The immediate beneficiaries of ONDC agriculture are FPOs and slightly larger farm operations, not the individual smallholder on half a hectare. The platform needs digital literacy and a smartphone with decent connectivity. Both of those are still a stretch for a large chunk of rural India.

The more realistic near-term picture is this: FPOs act as the digital layer for their member farmers. The FPO buys inputs at better prices through ONDC and passes savings to members. The FPO sells aggregated produce through ONDC and gets better rates than the local mandi middleman would offer. Individual farmers benefit indirectly, through lower input costs and higher output prices, without personally navigating any app.
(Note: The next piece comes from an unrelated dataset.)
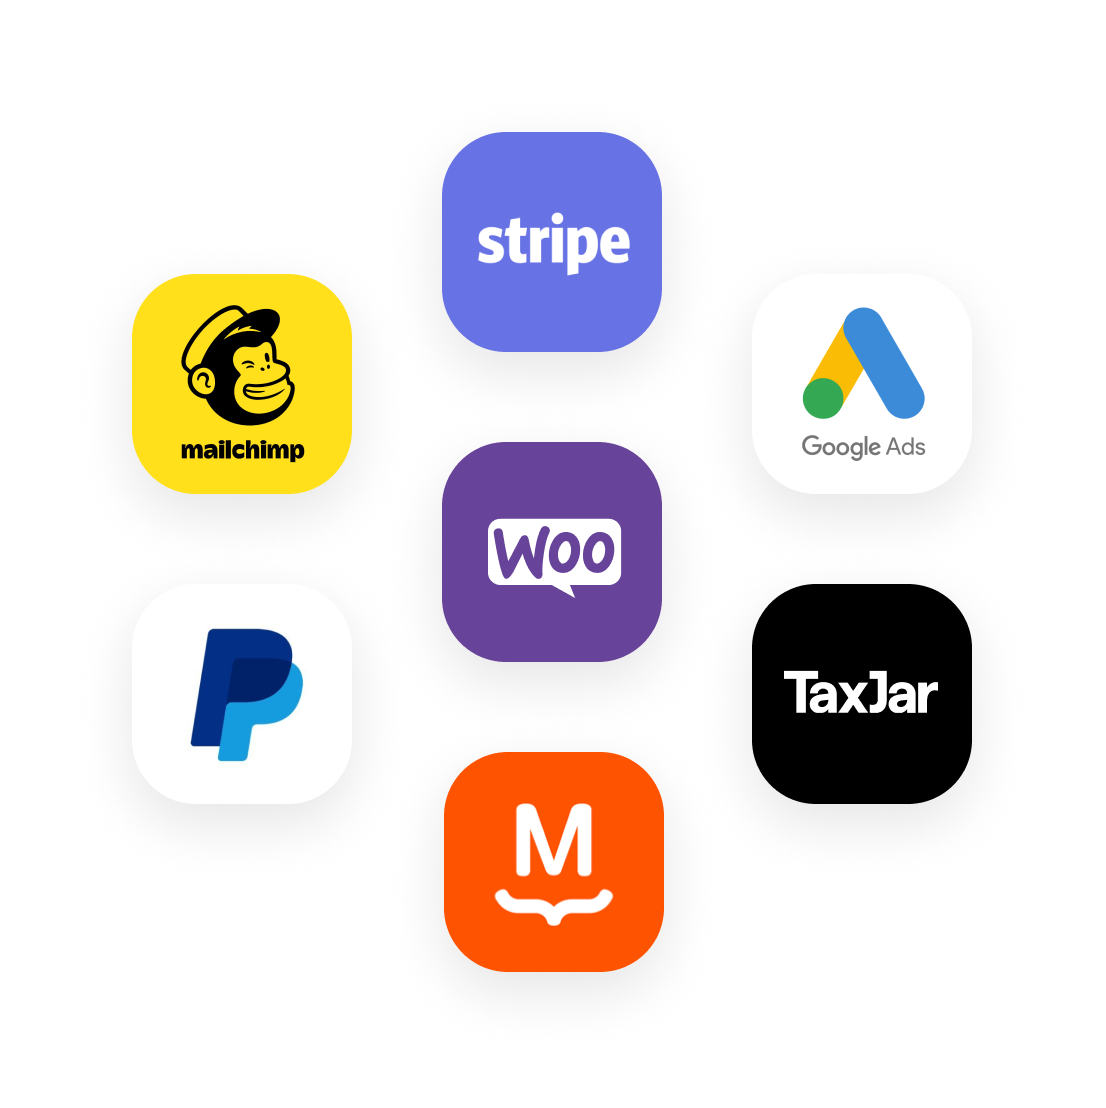 Logos pour une sélection de produits compatibles avec WooCommerce : Stripe, Google Ads, TaxJar, MailChimp, PayPal et MailPoet.

That's not a bad model, if you ask me. It's how a lot of agricultural modernisation actually works, through aggregator institutions rather than purely individual digitisation. But it does mean the benefits flow unevenly. FPOs with good management and digital capacity will do well. Scattered individual farmers not part of any collective will continue to depend on the traditional system for now.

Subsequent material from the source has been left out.